The guidelines also build upon the U.S. government's ongoing efforts to manage the risks posed by AI by ensuring that new tools are tested adequately before public release, there are guardrails in place to address societal harms, such as bias and discrimination, and privacy concerns, and setting up robust methods for consumers to identify AI-generated material.
The commitments also require companies to commit to facilitating third-party discovery and reporting of vulnerabilities in their AI systems through a bug bounty system so that they can be found and fixed swiftly.
The latest guidelines "help developers ensure that cyber security is both an essential precondition of AI system safety and integral to the development process from the outset and throughout, known as a 'secure by design' approach," NCSC said.
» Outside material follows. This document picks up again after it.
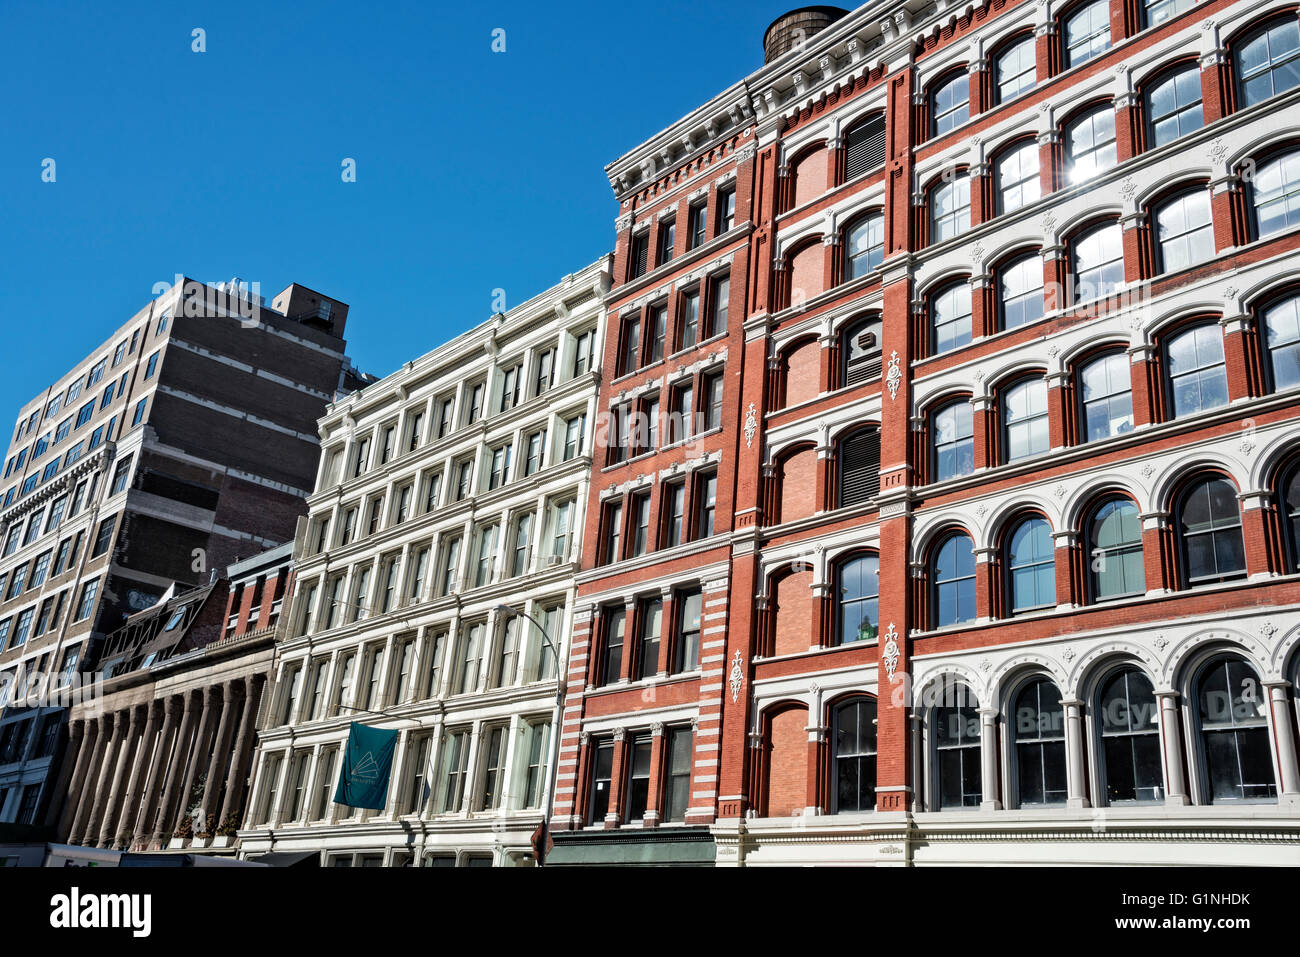 New York City, Manhattan, Downtown, Cast Iron Buildings on Lafayette Street, Just South of Astor Place. Stock Photo

This encompasses secure design, secure development, secure deployment, and secure operation and maintenance, covering all significant areas within the AI system development life cycle, requiring that organizations model the threats to their systems as well as safeguard their supply chains and infrastructure.
The aim, the agencies noted, is to also combat adversarial attacks targeting AI and machine learning (ML) systems that aim to cause unintended behavior in various ways, including affecting a model's classification, allowing users to perform unauthorized actions, and extracting sensitive information.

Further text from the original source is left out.